コラム

幼稚園は「能力」を育てる場所なのか 2018年度改訂「幼稚園教育要領」への疑問

2016年06月02日(木)17時30分
幼稚園は「能力」を育てる場所なのか 2018年度改訂「幼稚園教育要領」への疑問

新たな幼稚園教育要領に盛り込まれる「能力」とは何か ziggy_mars-iStock.

 オバマ大統領の広島訪問や消費税増税再延期についての議論が盛んな中、5月31日の朝日新聞に小さく載った記事に驚いた。
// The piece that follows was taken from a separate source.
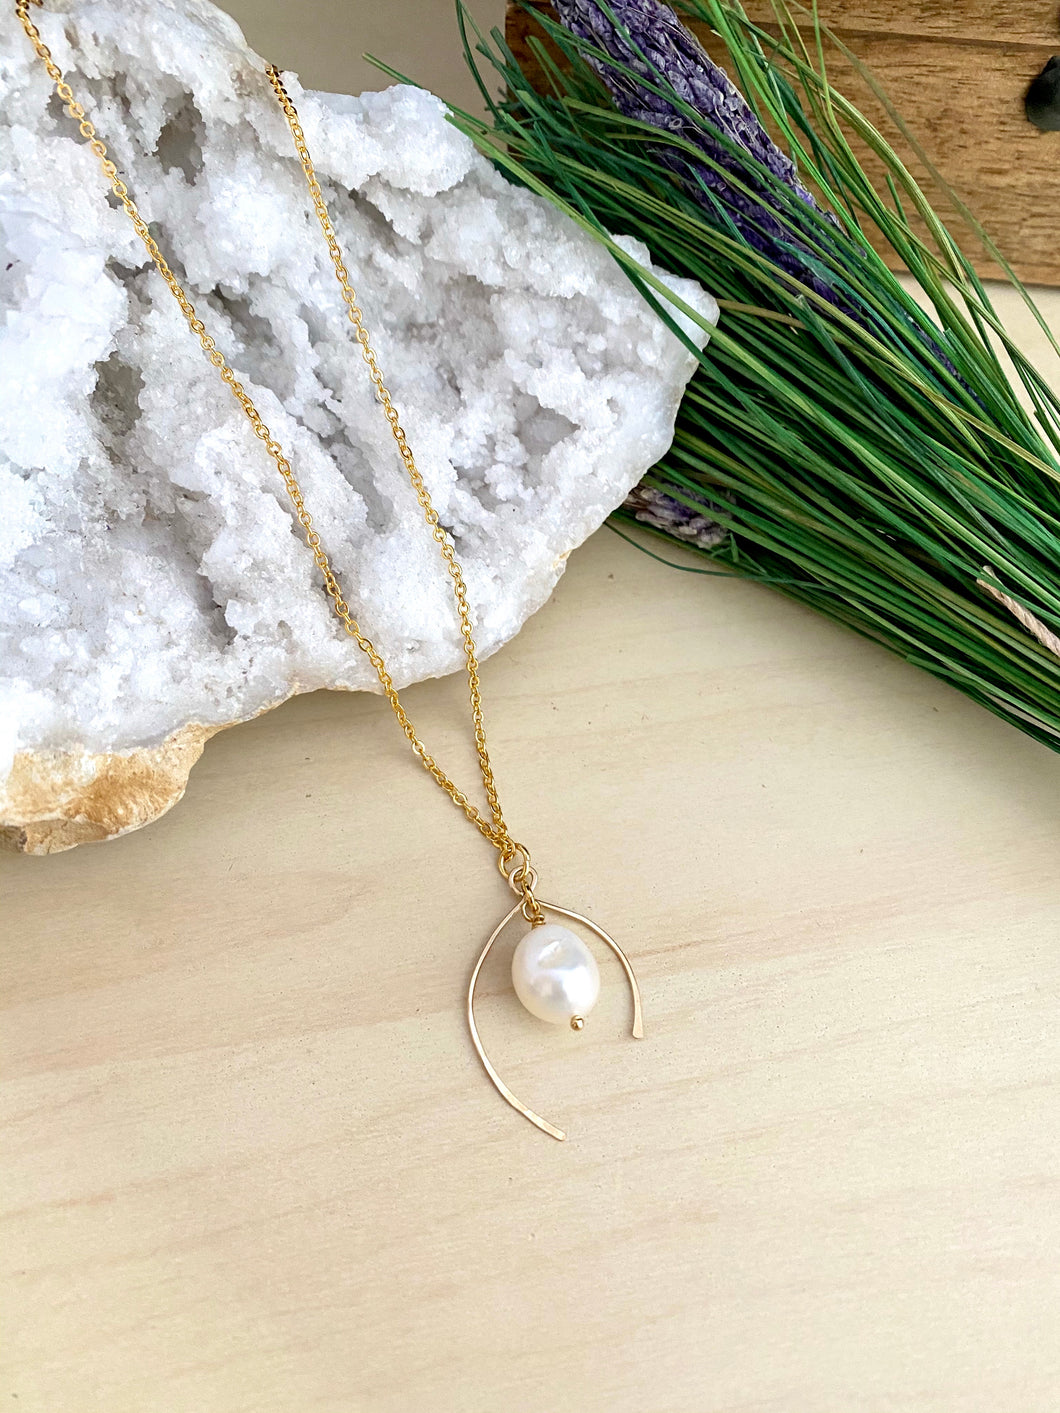 Wish bone shaped pendant necklace made from 14k gold fill wire and accompanied by a white freshwater pearl drop

文部科学省が、2018年度に新しくする「幼稚園教育要領」から、「教育内容」だけではなく幼稚園児の「能力」についての目標を盛り込む方針を固めたという。

 文科省の諮問機関である中央教育審議会で示されたもので、現時点では「自立心」「協同性」「道徳性・規範意識の芽生え」などの10項目が候補として挙げられており、10項目の詳細を補足する計46の小項目の中には「日本の国旗や国際理解への意識や思いが芽生えるようになる」などの記載もある。幼稚園児に向かって「日本の国旗」への「思いが芽生える」との字面は、なんとも唐突に思えるが、実は現在の幼稚園教育要領に、既に近しい記載がある。「第2章 ねらい及び内容」の「環境」の項目にある、「(11) 幼稚園内外の行事において国旗に親しむ」だ。
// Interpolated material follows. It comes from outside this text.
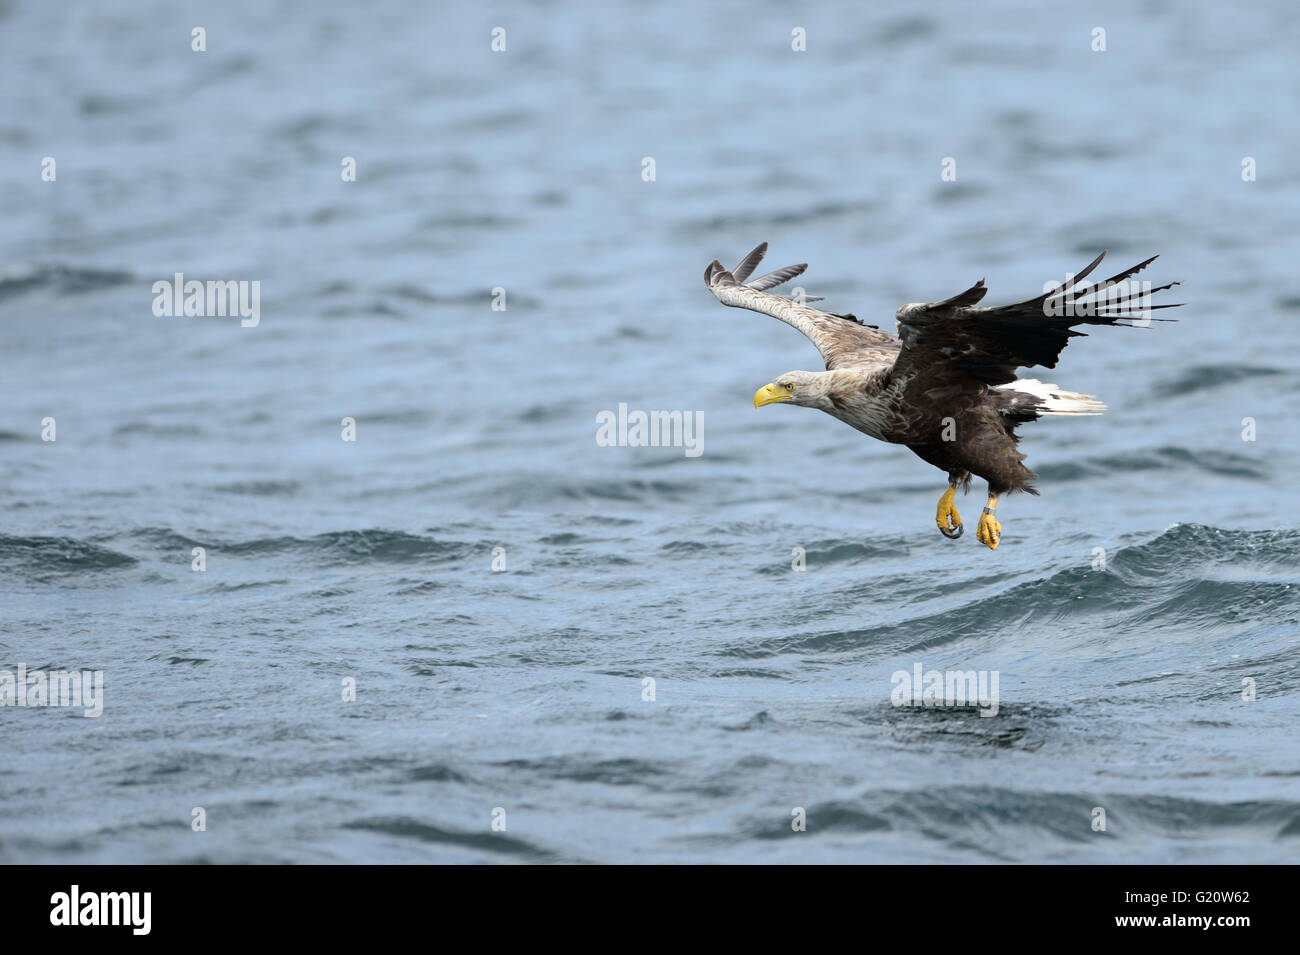 White-tailed sea eagle in flight to catch a fish from the water, Loch na Keal, Isle of Mull, Scotland Stock Photo

 先述した通り、これまでの幼稚園教育要領には「教育内容」が示されてきた。その方針を総則「第1 幼稚園教育の基本」から拾えば、「1 幼児の主体的な活動を促し、幼児期にふさわしい生活が展開されるようにする」「2 幼児の自発的な活動としての遊びは、心身の調和のとれた発達の基礎を培う」「3 幼児の発達は、心身の諸側面が相互に関連し合い、多様な経過をたどって成し遂げられていくものであること、また、幼児の生活経験がそれぞれ異なることなどを考慮して、幼児一人一人の特性に応じ、発達の課題に即した指導を行う」(それぞれ抜粋)とある。つまりこれらは教育する側に向けた内容であり、幼稚園児に対して「かくあるべし」と促すものではない。それぞれ異なる特性に応じて指導する、との前提があった。

 しかし、新たな「幼稚園教育要領」では、幼稚園児に対して身につけて欲しい「能力」が盛り込まれることになる。何がしかの強制性を持つわけではないのだから、わざわざ騒ぎ立てるまでもないだろう、と言われそうだが、昨年3月に学校教育法の施行規則が改正され、道徳が「特別の教科」に格上げ、小学校で2018年度、中学校で19年度からの教科化が見込まれている以上、それと同じタイミングで新しくなる要領にどう波及するのかは問われるべきだろう。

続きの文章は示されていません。